A Ledger or Trezor device can be paired with MetaMask or Rabby to keep private keys offline, which is recommended for larger holdings.

Olympus Resources

How to Buy Olympus?

OHM trades mainly on decentralized exchanges, which fits a protocol whose defining feature is owning its own liquidity.

Decentralized Exchanges

The deepest OHM markets are on Uniswap on Ethereum, where the protocol maintains its own liquidity and where the large majority of OHM volume trades, mostly in pairs against stablecoins. Smaller pools exist on the other networks OHM is deployed to, but liquidity outside Ethereum is thin.

Centralized Exchanges

Centralized exchange support for OHM is limited compared to its 2021 heyday, and listings change over time. Check CoinGecko or CoinMarketCap for the current list of venues, and verify any exchange before sending funds.

Latest Olympus News

Olympus's recent development has centered on its lending and monetary-policy machinery rather than yield. Cooler V2 turned borrowing against gOHM into a perpetual, treasury-backed facility at a fixed 0.5% rate with no price-based liquidations, and the loan-to-value available to borrowers ratchets upward gradually as backing per token grows. Alongside Range Bound Stability, the protocol has added an Emissions Manager, Convertible Deposits, and a Yield Repurchase Facility that recycles treasury yield into OHM buybacks.
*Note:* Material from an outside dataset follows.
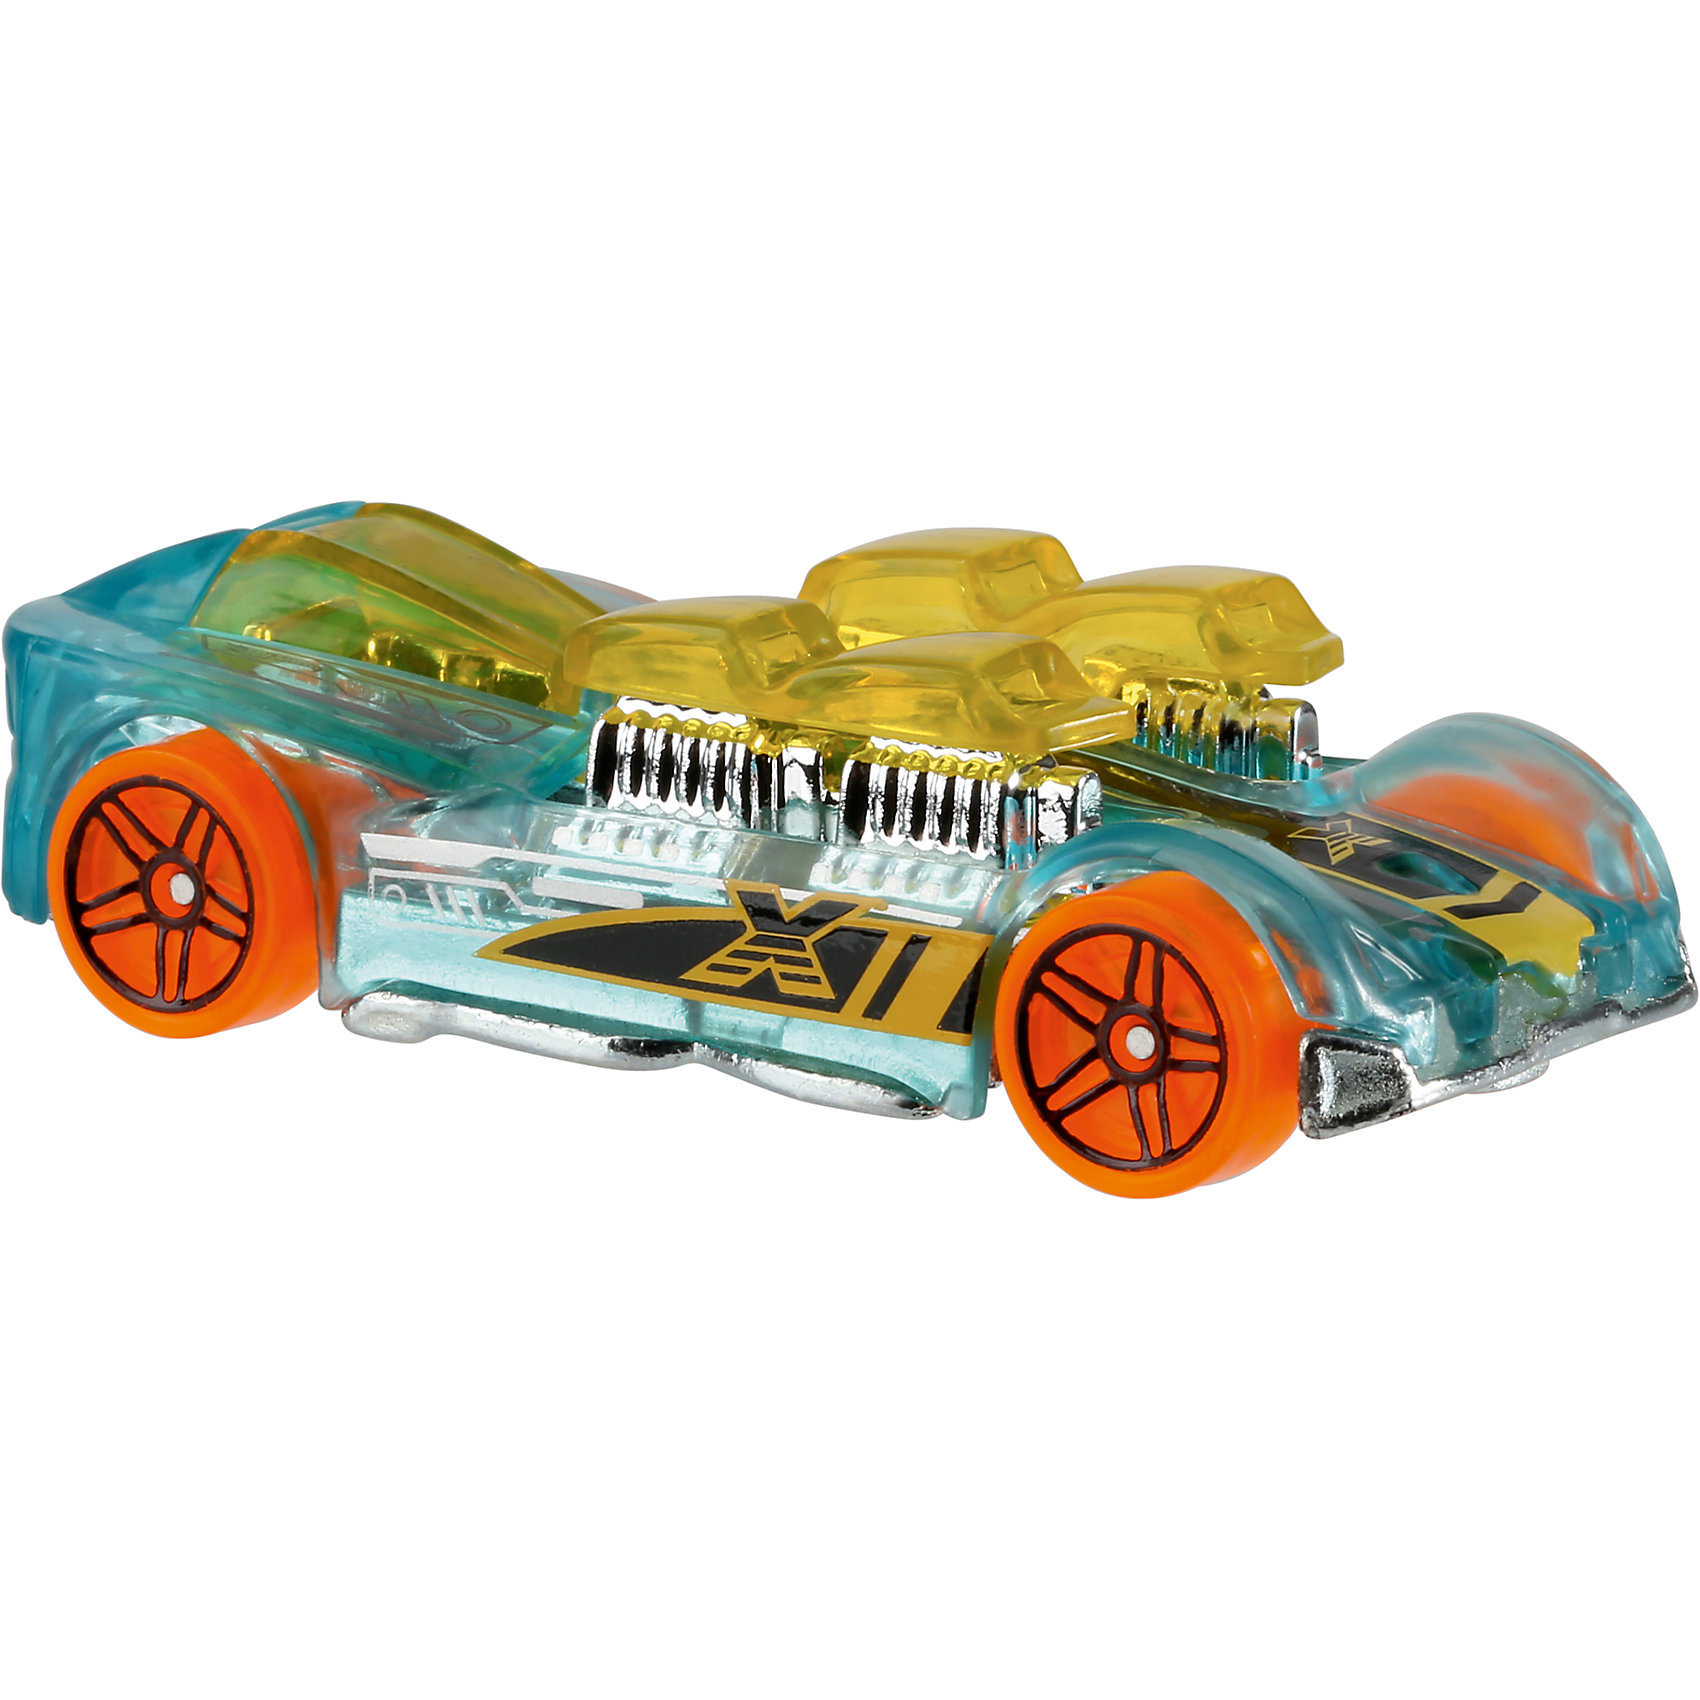 Базовая машинка Hot Wheels, What-4-2Машинки<br><br><br>Ширина мм: 110<br>Глубина мм: 45<br>Высота мм: 110<br>Вес г: 30<br>Возраст от месяцев: 36<br>Возраст до месяцев: 96<br>Пол: Мужской<br>Возраст: Детский<br>SKU: 7111104
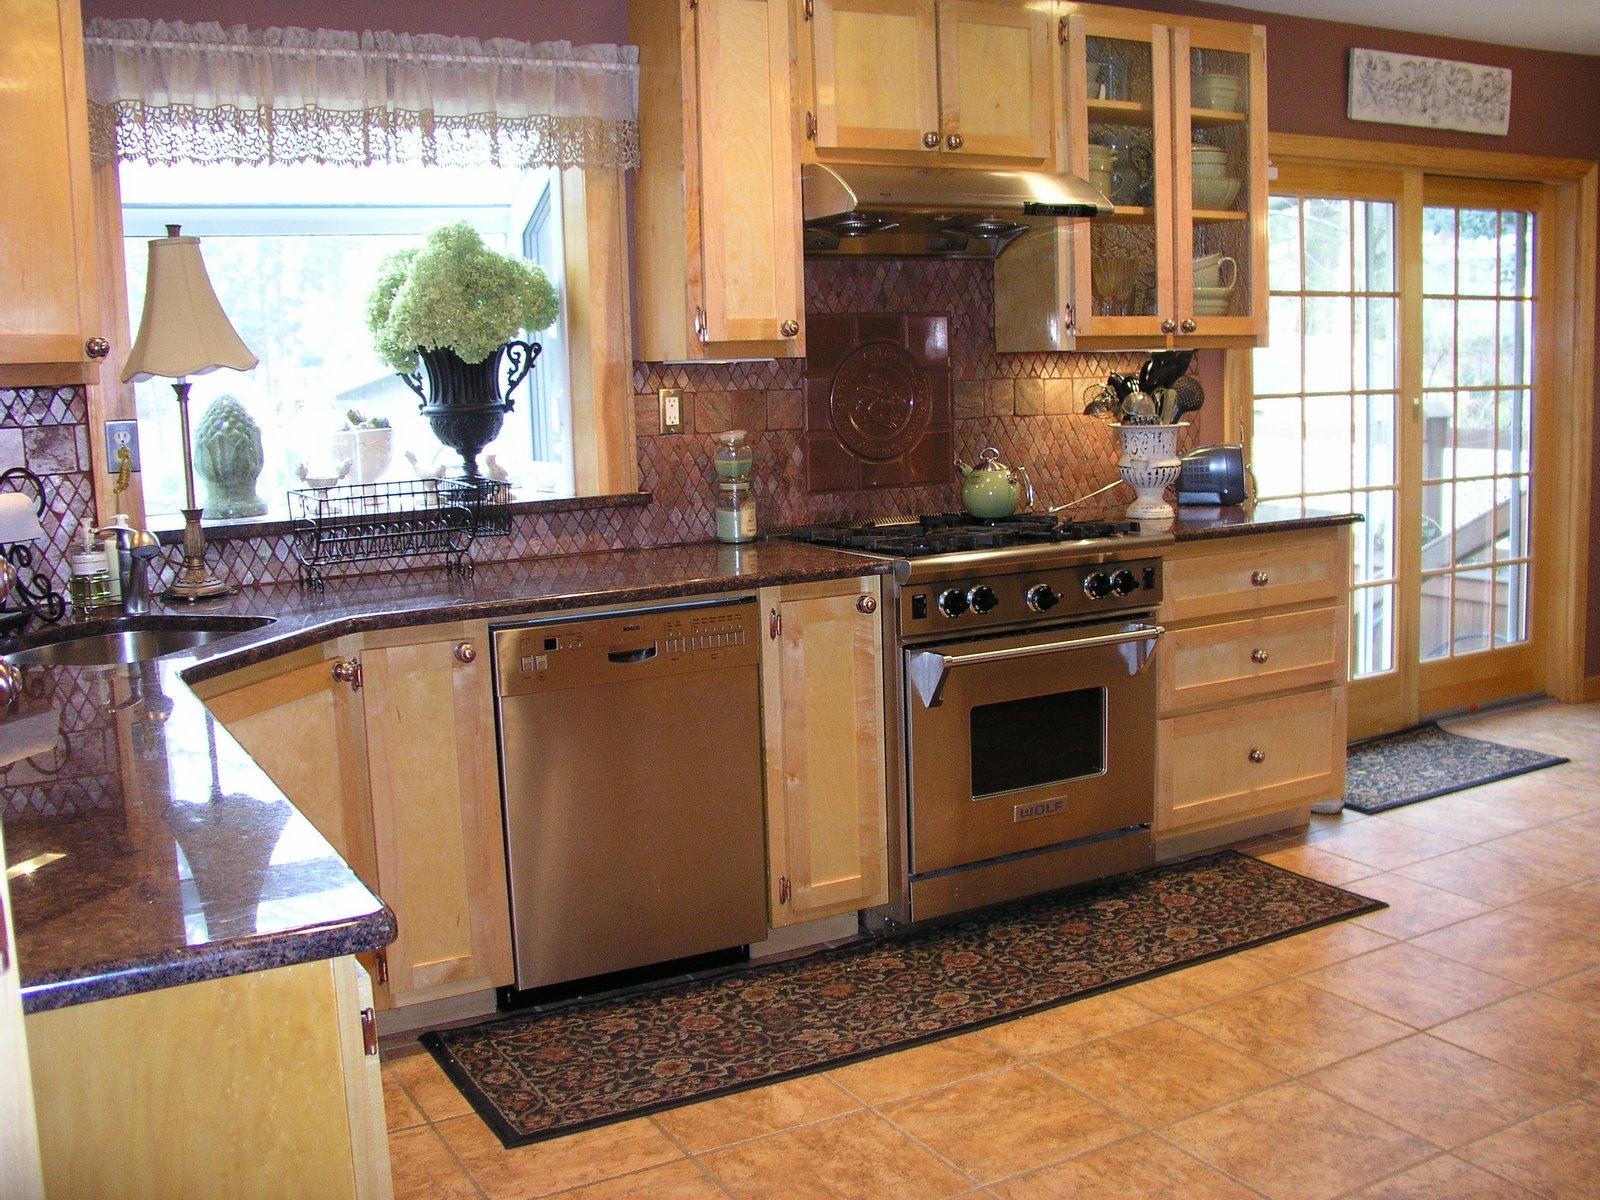 a lapin life french kitchen backsplash kitchen backsplash inspirations french country cottage

The project now describes OHM as programmable, policy-controlled money, a kind of automated central bank, and explicitly not a stablecoin. Given how dramatically Olympus has changed since 2021, and how badly the original model ended for late buyers, the official documentation, governance forum, and app dashboard are the best sources for the protocol's current mechanics and treasury figures.